Our partner Wysa has written some guidance for any of our patients who are part of the LGBTQIA+ community or those who’d like to find out more about this community, this pride month.
What are the impacts of isolation and loneliness for everyone in the context of the current pandemic?
With the pandemic going on, the best thing you can do for protecting yourself as well as your community, is to self-isolate and avoid social contact. However, this can be detrimental for some individuals as it increases the risk of loneliness and adds to the negative health consequences that are associated with loneliness.
Loneliness in itself has been a major cause of concern around the world before the pandemic. Chronic loneliness is highly damaging not only to our psychological health but also to our physical health. It increases stress, risk of heart disease, higher chances of substance abuse and general poor health.

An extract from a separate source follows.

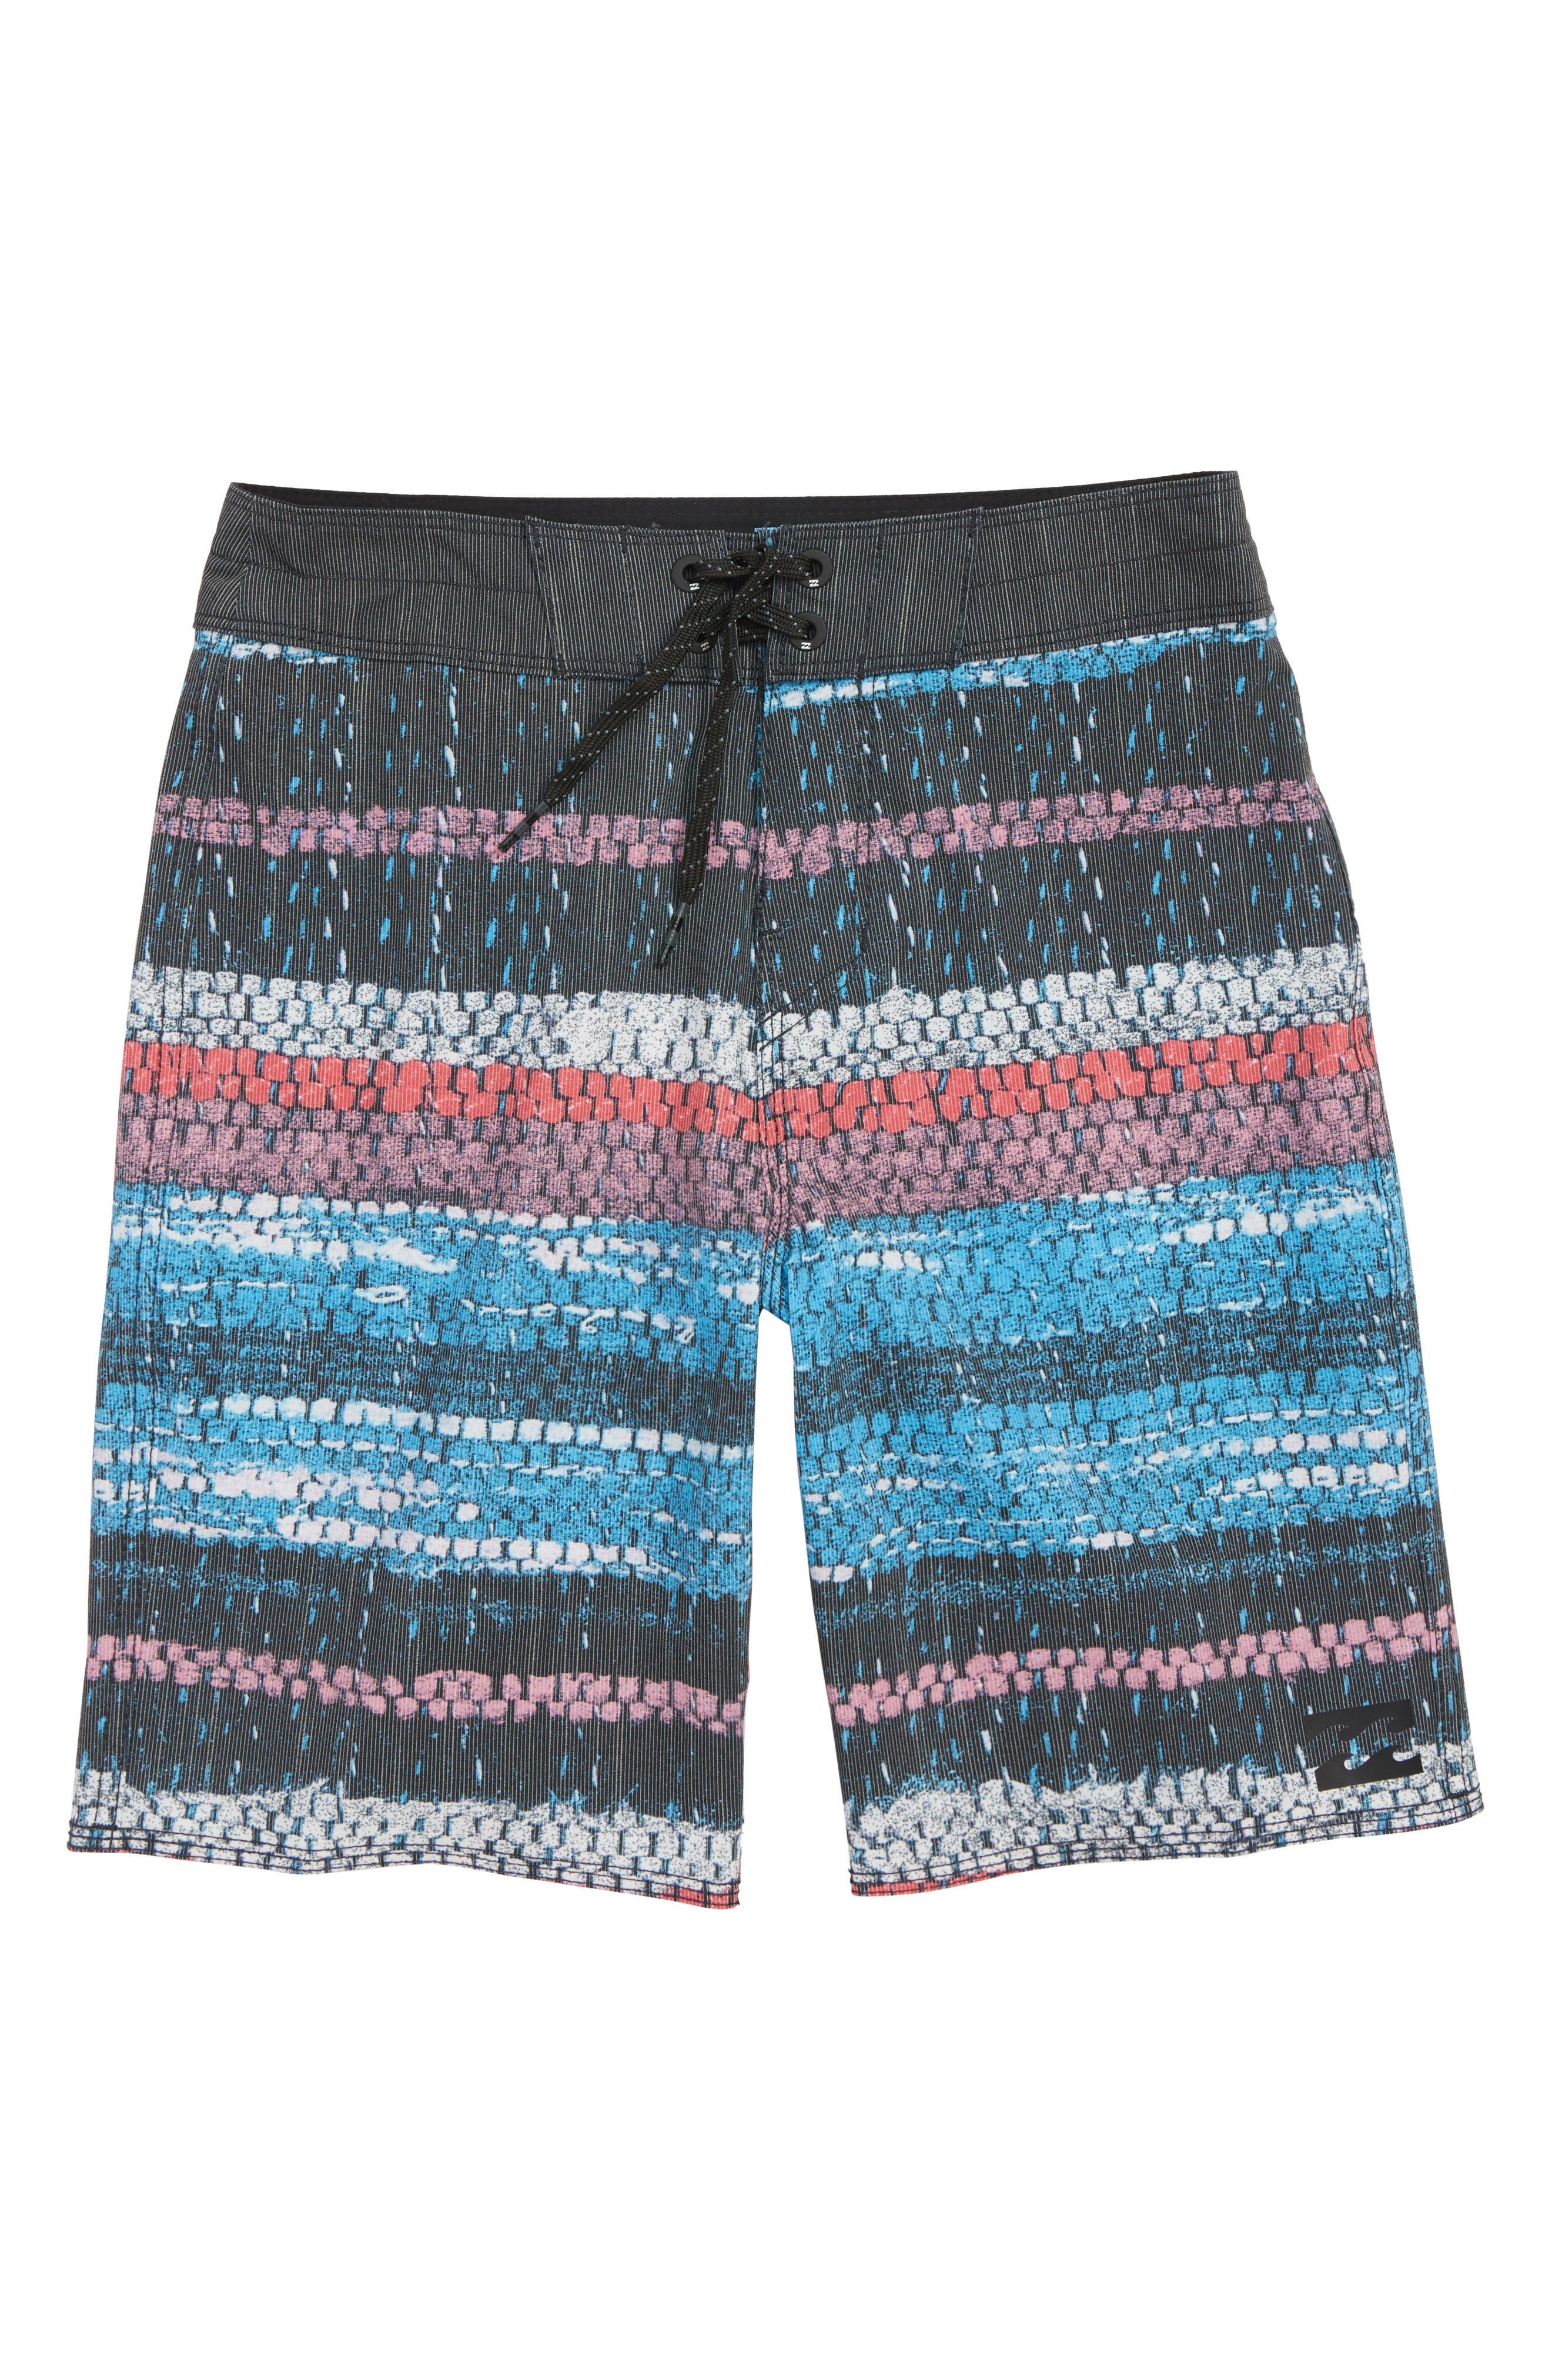 Sundays X Board Shorts,                             Main thumbnail 1, color,                             BLUE STRIPE
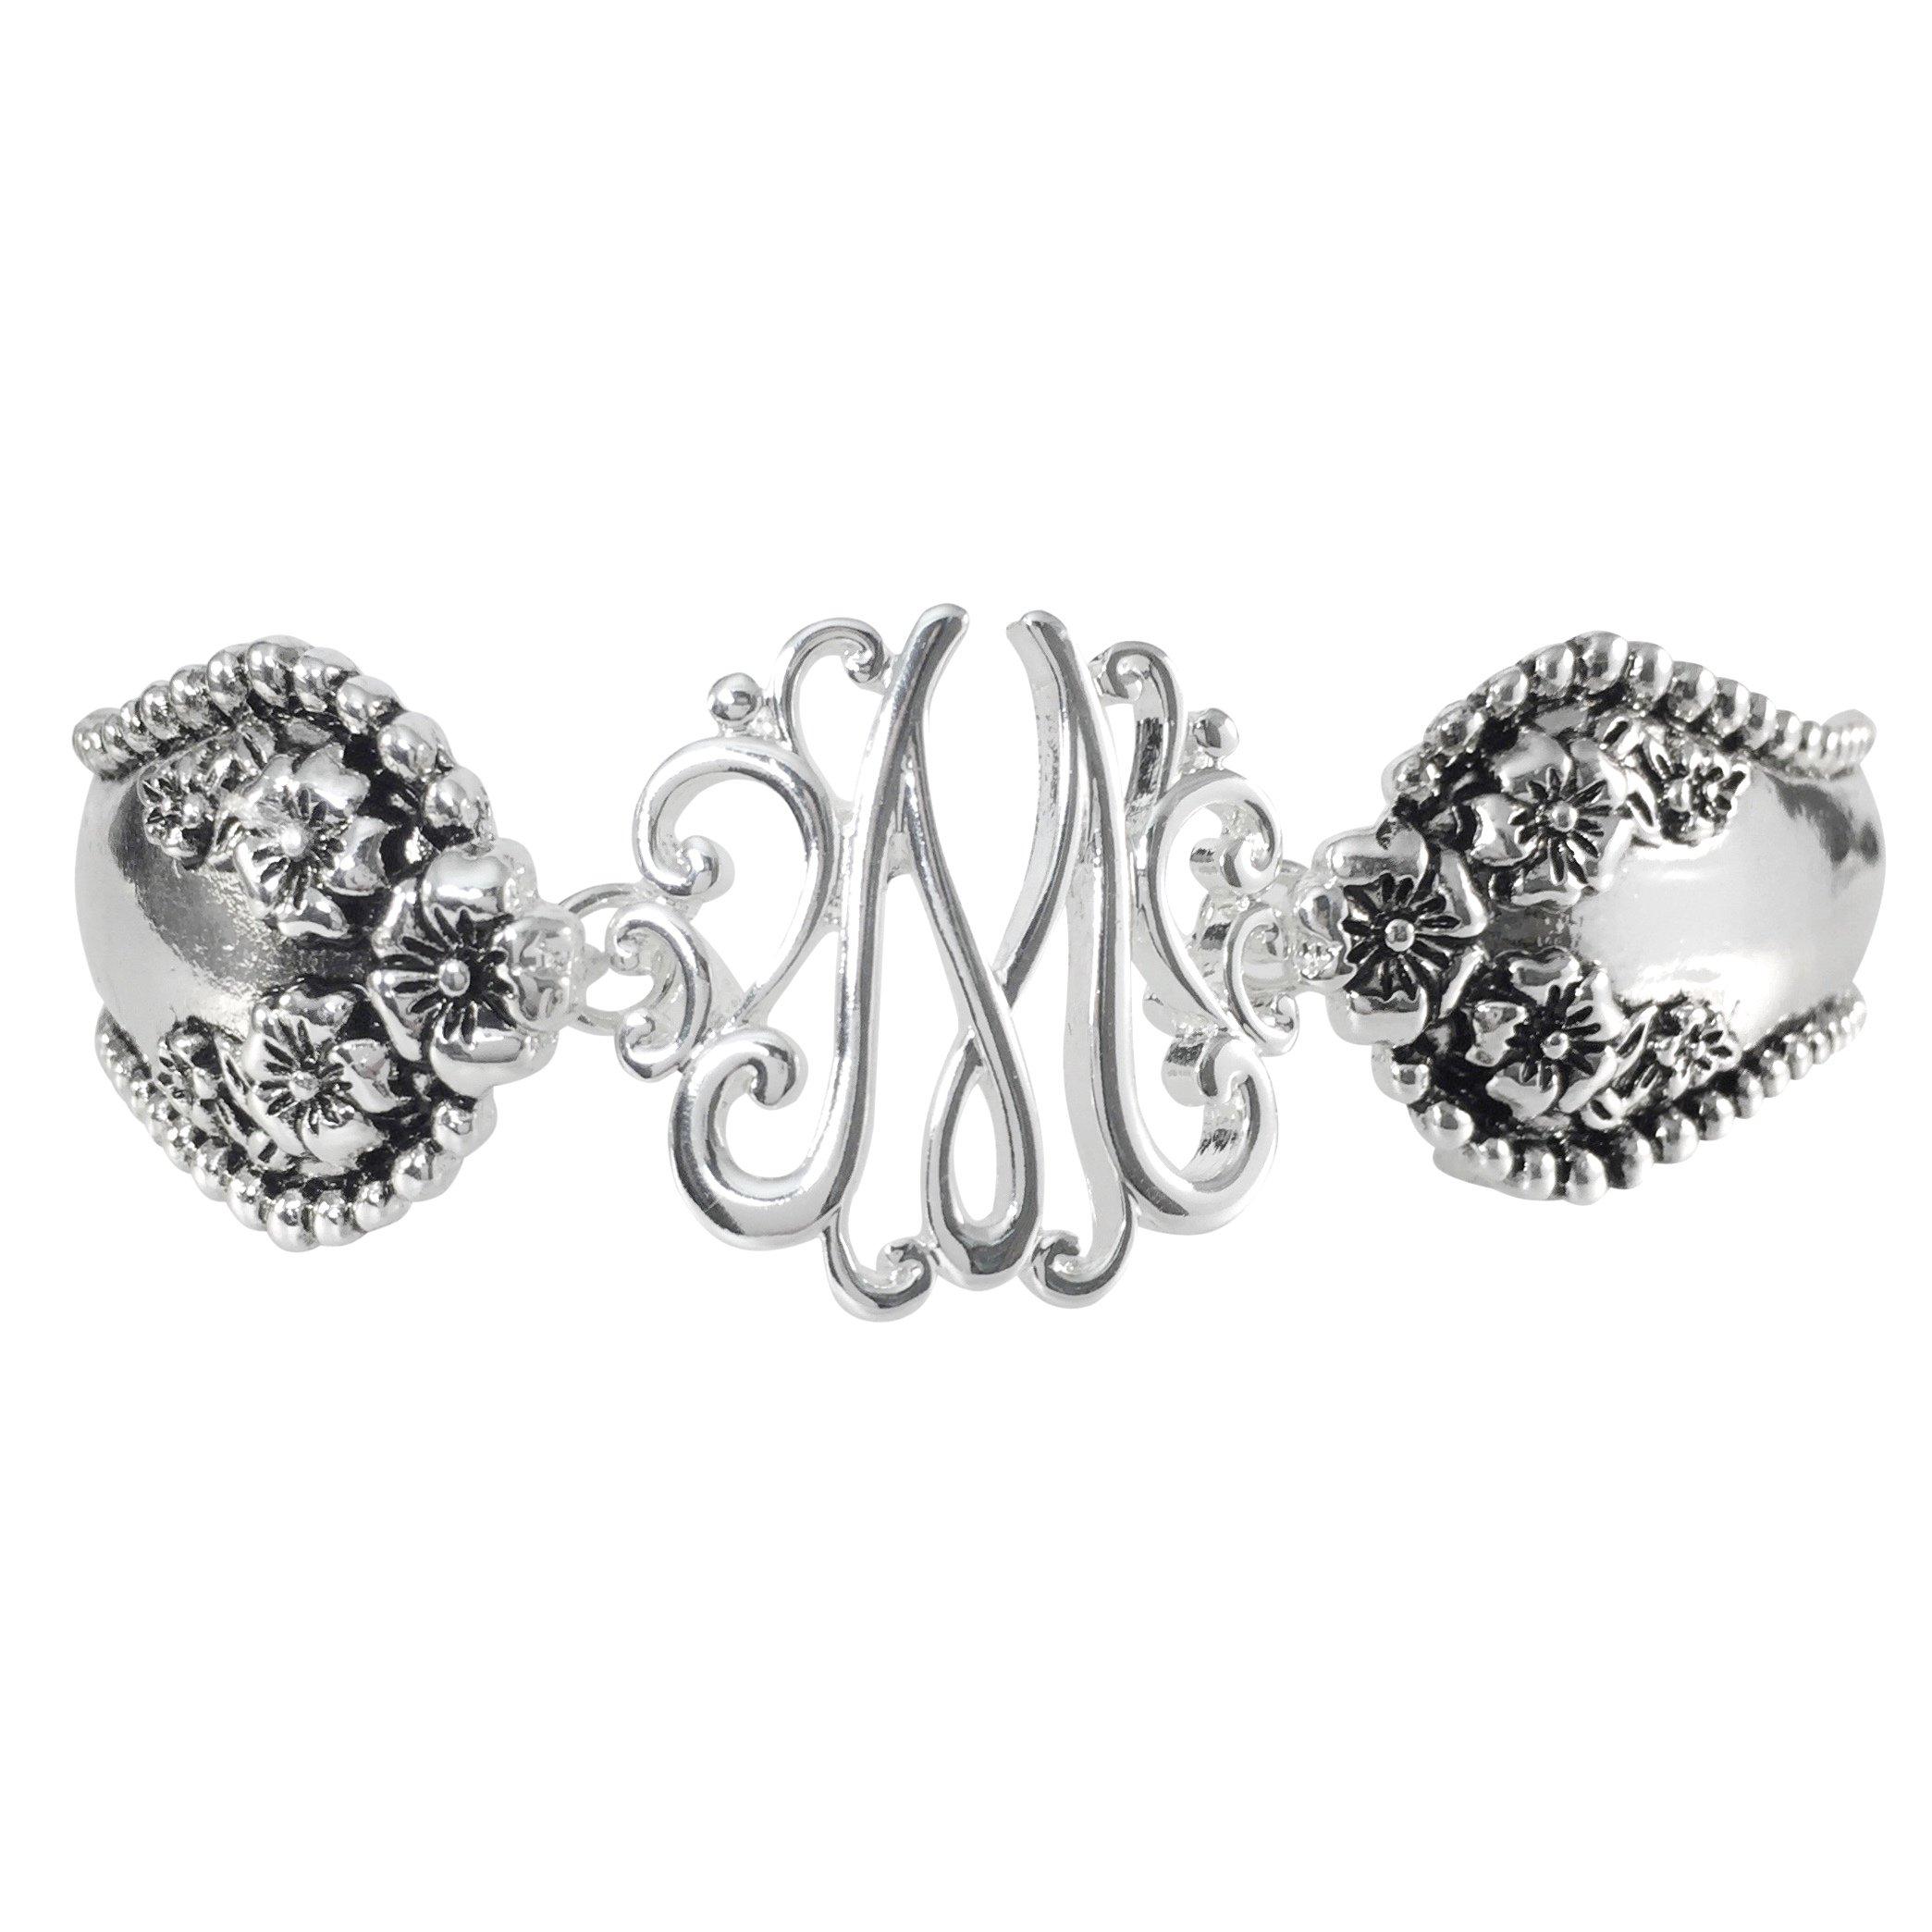 Spoon Handle Style Monogram Initial Silver Tone Magnetic Clasp Bracelet (Letter M)

Social contact and human connection is known to be vital for our overall sense of wellbeing. It is also a common coping mechanism for a lot of mental health issues like stress, depression and suicide of which loneliness is a common symptom. Social isolation and loneliness can unfortunately often go hand in hand, causing poorer mental and physical health.
For some communities, there is an increased chance of loneliness and mental health challenges due to hostility from society.
Why is the LGBTQIA+ community more vulnerable?
Even during normal times, the LGBTQIA+ community has a lot of challenges to face in various aspects, including mental health. Hence, it’s not a surprise that there is an increased risk for exacerbation of mental health issues for the LGBTQIA+ community which has been disproportionately affected by the pandemic. There are certain factors that make them more vulnerable and put them at a higher risk.
- Discrimination and hostility from society
- Lack of access to support
- Potential increased risk of unemployment
- Unsafe family environments
- Housing instability
All these factors coupled together along with unsupportiveness, results in a higher degree of loneliness that can eventually lead to further mental health challenges.
How does it affect mental health?
Older people from the LGBTQIA+ community are particularly more vulnerable as they are less likely to have partners, children or any supportive family members and hence no one to play the role of a caregiver. For students or individuals that have lost their jobs, the quarantine period may have resulted in them having to move back with unsupportive or even abusive family members which can have a disastrous impact on their mental health and can cause them to “go back into the closet” or come out to potentially unsupportive family members. Hence these safety measures like social/physical distancing that have been put into place are not necessarily “safe” for all communities.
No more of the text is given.